Jesus is obviously pleased with their response, particularly Peter’s. He indicates that Peter realized his divine nature through revelation, not by what any man had said. The inference here is that it was commendable that Peter had made up his own mind about Jesus instead of relying upon the current wisdom obout what the Messiah would be like.
Jesus replied, “Blessed are you, Simon son of Jonah, for this was not revealed to you by man, but by my Father in heaven. And I tell you that you are Peter and on this rock I will build my church, and the gates of Hades will not overcome it. I will give you the keys of the kingdom of heaven; whatever you bind on earth will be bound in heaven, and whatever you loose on earth will be loosed in heaven.”
And then he does something strange. He tells the apostles to keep his authority secret.
Then he warned his disciples not to tell anyone that he was the Christ.
Many have suggested that Jesus did not feel the time was right to announce his true identity. Perhaps instead he knew that his message was in most ways contradictory to what the people expected of the Messiah.
He follows this up with a mysterious prediction that very soon he will return in divine glory to fulfill the prophecies. He even stresses that it will be within the lifetime of some of his listeners.
“For the Son of Man is going to come in his Father’s glory with his angels, and then he will reward each person according to what he has done. I tell you the truth, some who are standing here will not taste death before they see the Son of Man coming in his kingdom.”
There has been plenty of controversy as to what Jesus actually meant here. His literal second coming obviously did not take place in the first or second centuries. Two millennia later it still has not occurred and various self proclaimed prophets have read the signs and announced that the time was at hand. This is in spite of the fact that, although he tells us what signs would presage the event, he also says that no one could predict this time with any accuracy.
From Thomas Darby to Charles Taze Russel, Hal Lindsey to Jerry Jenkins and Tim LaHaye many Christians have become excited about the prospect of the End Times and Armageddon. As plain as the meanings of the apocalyptic scriptures are to these people, many others do not see them in quite the same light. Anticipation of the Messiah’s coming as warrior King at the command of legions of angels as they assist him in battle against the forces of evil is something that the millennial Christian has in common with conservative Judaism.

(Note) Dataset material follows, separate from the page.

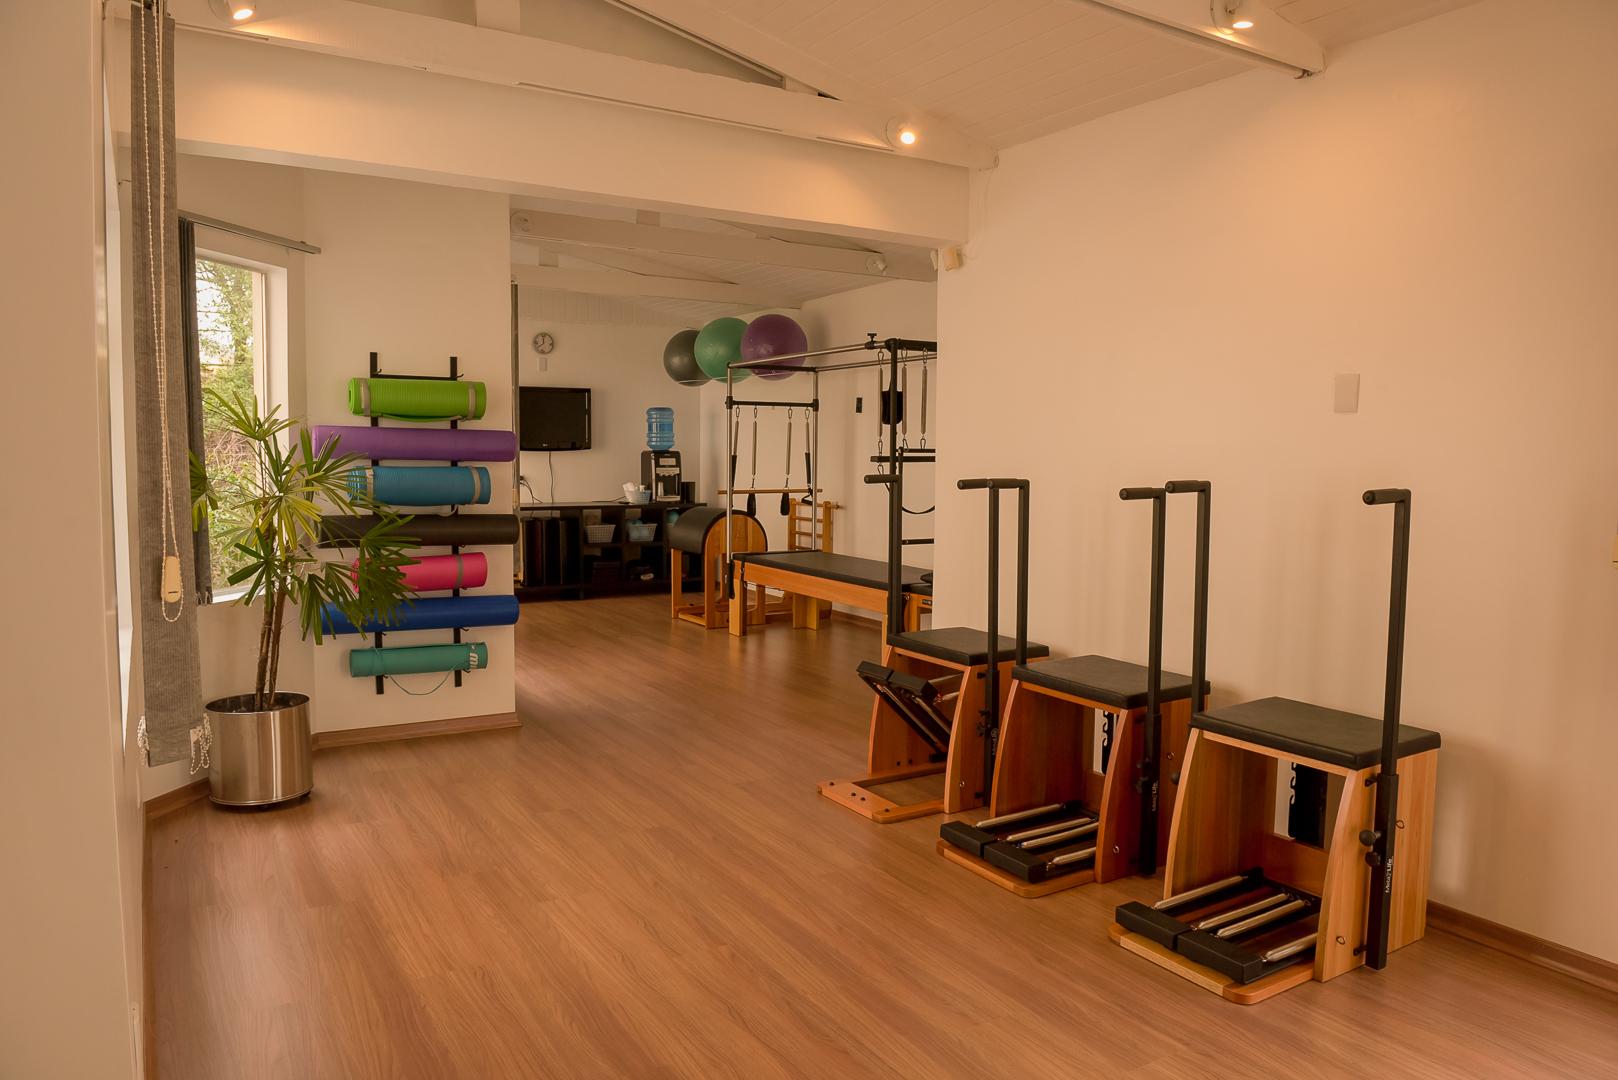 sala-pilates-aparelhos

Jesus’ pacifistic teachings were hard to swallow for a people who had waited so long for justice to be served. They could not accept this ‘weak’ way as The Way to salvation, a Way that enables the follower to experience peace and joy even when oppressed and persecuted. Some objected because they had so much to lose if they risked following this ‘messiah’. Many more, envious and bitter with those who had been ‘blessed’ with more than they had, relished the idea of violent retribution. This Jesus of Nazareth did not meet their expectations of the Messiah and he was soundly dealt with.

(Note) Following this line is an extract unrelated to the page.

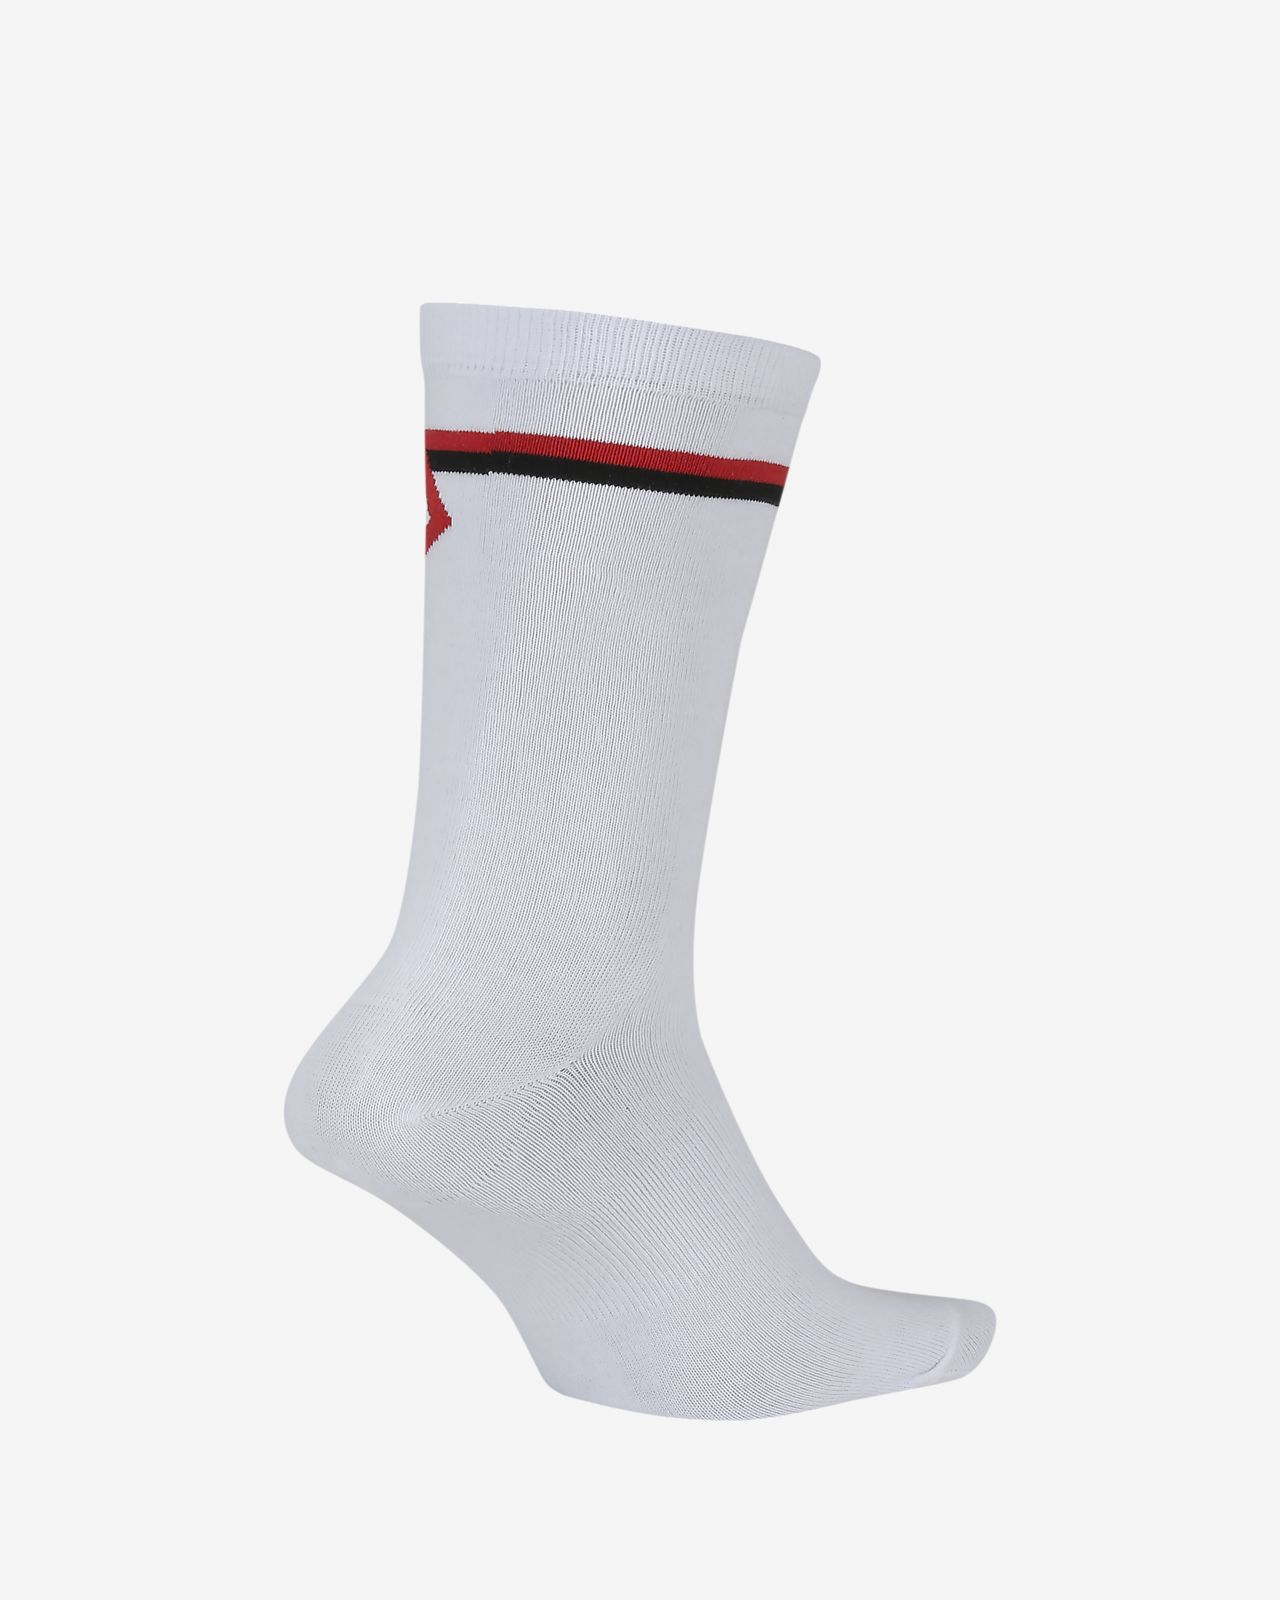 Jordan Legacy Diamond Crew Socks

The same branches of Christianity that seem to have the most difficulty with Jesus’ simple yet ‘soft’ message of love, sacrifice and grace are also those who are most inclined to take the apocalyptic scriptures literally. To zealously look forward to an exacting final judgment followed by the harsh and brutal punishment of most of the world’s people may be preventing much of the Church from effectively serving the Kingdom. Is Jesus the Messiah, the Christ, or not? Has he come to free us from bondage by showing us his Way? Or will we continue to wait for someone who more closely feeds our ‘righteous’ hunger for vengeance and retribution? It was while nailed to the cross that he said, “It is finished.”